In practice, you will need to setup a flake with a host config like: (Just an example, configure it however you like!)
{
lib,
pkgs,
...
}: {
imports = [
./disk-config.nix
./hardware-configuration.nix
...
];
disko.devices = {
disk.main = {
type = "disk";
device = "/dev/sda";
content = {
type = "gpt";
partitions = {
boot = {
size = "1M";
type = "EF02";
};
esp = {
size = "512M";
type = "EF00";
content = {
type = "filesystem";
format = "vfat";
mountpoint = "/boot";
mountOptions = [
"umask=0077"
];
};
};
root = {
size = "100%";
content = {
type = "filesystem";
format = "ext4";
extraArgs = [
"-L"
"nixos"
];
mountpoint = "/";
};
};
};
};
};
};
nix.package = lib.mkDefault pkgs.lixPackageSets.stable.lix;
nix.settings = {
experimental-features = [
"nix-command"
"flakes"
];
};
nix.gc = {
automatic = true;
dates = "weekly";
options = "--delete-older-than 14d";
};
nix.optimise = {
automatic = true;
dates = ["weekly"];
};
nixpkgs.config.allowUnfree = true;
boot.loader.efi.canTouchEfiVariables = false;
boot.loader.grub = {
enable = true;
efiSupport = true;
efiInstallAsRemovable = true;
};
boot.kernelParams = ["console=ttyS0,115200n8"];
networking.hostName = "hetzner";
networking.useDHCP = lib.mkDefault true;
networking.firewall = {
allowPing = true;
allowedTCPPorts = [
22
80
443
];
};
services.openssh = {
enable = true;
openFirewall = true;
settings = {
PermitRootLogin = "prohibit-password";
};
};
services.qemuGuest.enable = true;
services.fstrim.enable = true;
security.sudo.wheelNeedsPassword = false;
time.timeZone = "America/Los_Angeles";
i18n.defaultLocale = "en_US.UTF-8";
environment.systemPackages = with pkgs; [
btop
curl
git
vim
wget
];
system.stateVersion = "25.11";
}Then you can run nix run .#nixos-anywhere -- --build-on remote --flake .#hetzner root@<hetzner-ip> to get it to install automatically!
Migrating Services
At this point, your server should be switched over to NixOS and from this point on, you can continue to work on your config and switch it by running nixos-rebuild switch --flake .#hetzner --target-host root@<hetzner-ip> --build-host root@<hetzner-ip>, which means it’s time to migrate the services over.

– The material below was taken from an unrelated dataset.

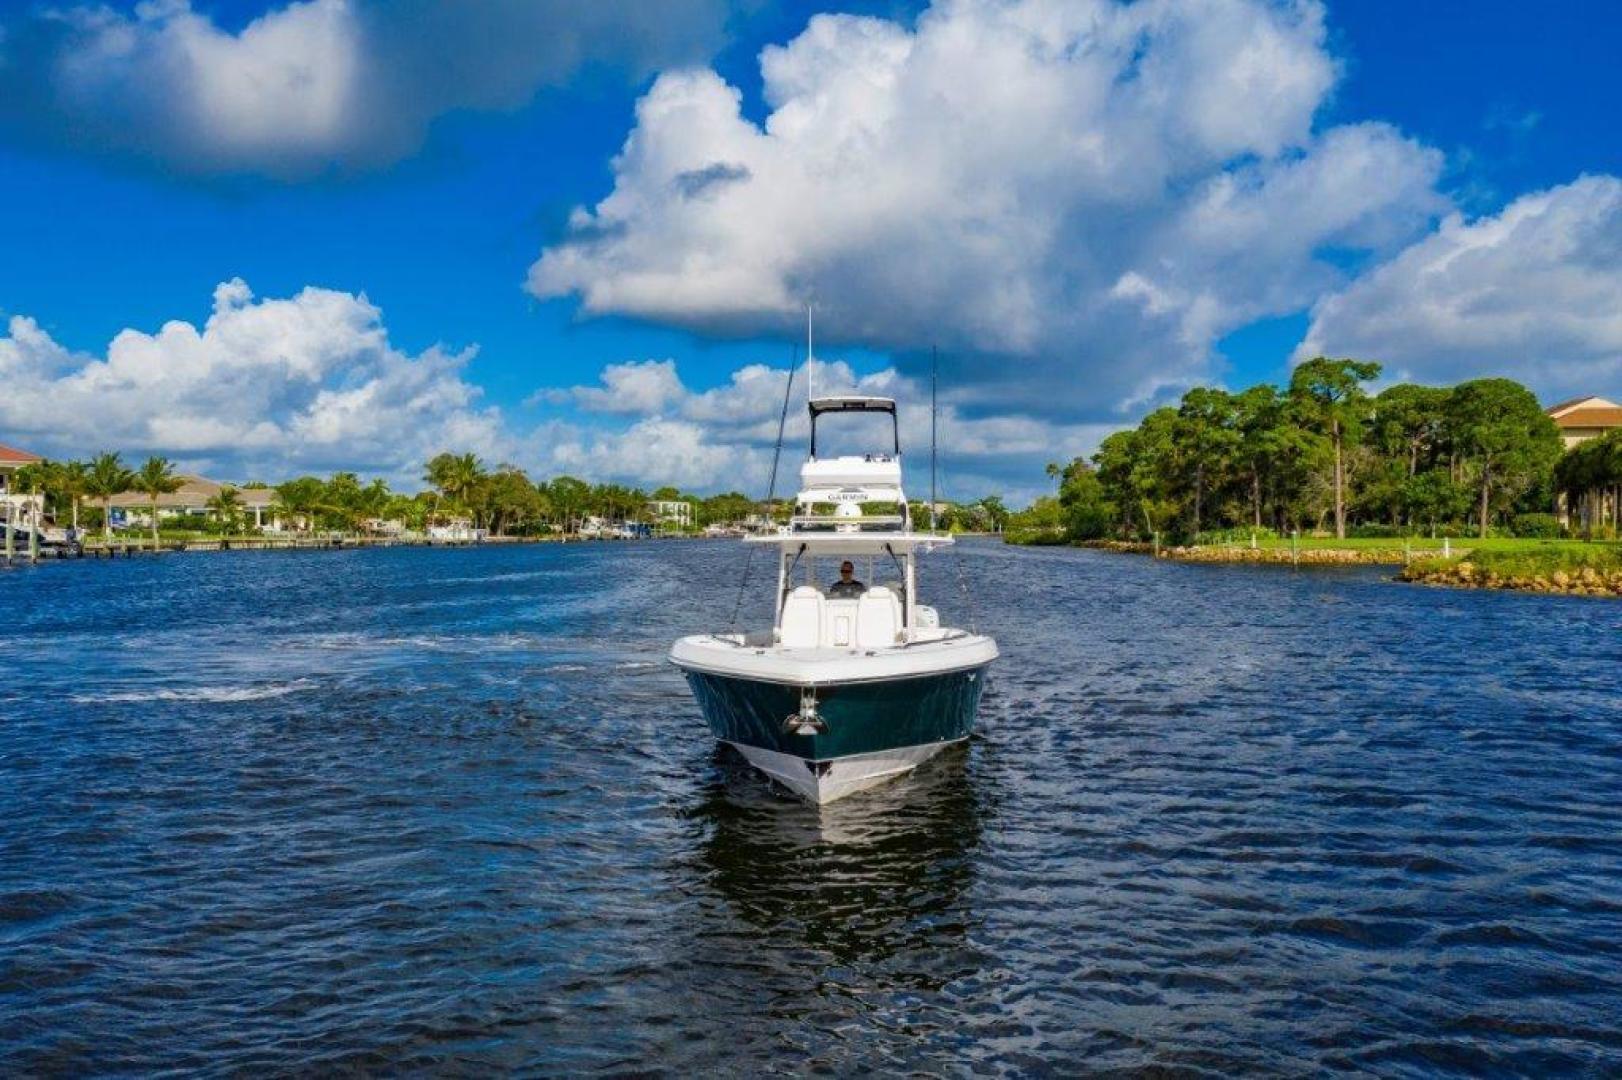 Everglades-435 Center Console 2019-Bahama Papa Palm Beach Gardens-Florida-United States-Bahama Papa-1570526 | Thumbnail

There are no critical production services on my cluster per se so I just opted for the easiest way to migrate them, shut it down first. Move it over and cut over the domain name. They all pretty much follow the same procedure: scale down deployments, detach disk volume from k8s agent, attach to the new server, copy data to new volume, start service on the new server and finally point the domain name over.
To deploy secrets, I used agenix so I can encrypt the secrets and just track it in the repo.
Using LLM to Migrate Services
I collapsed this section by default as I understand some people does not like the usage of LLM.
I did use
codexto help with this process. I basically gave it access to the cluster via kubectl and ask it to get a lay of the land and to plan for a migration. Then I tell it to do things one-by-one: including writing a script to fetch secrets from kubernetes that pipes into agenix for encryption (which does not pipes into stdout nor get saved, so it should not be in the LLM transcript). I need to manually jump in a couple times to detach/attach disk volumes here. I’m sure I can automate this too but I see this as a good checkpoint anyway.This greatly saved my time between translating myriads of YAML files into Nix.
Final Results
The migration reduces my footprint from 4x CPX21 and various other associated resources totalling ~€55 down to just 1x CPX41, which is overly provisioned. We can probably just run this on a singular CPX21 which would just cost us €12.
The cost was not the driving reason though. This setup is much more easier to maintain and deploy. The old setup required two repos (terraform and k8s yamls) to maintain and the new one is just a singular nix flake to keep track of.
We can probably also migrate some services off container and use lightweight namespace or even just plain systemd unit as well.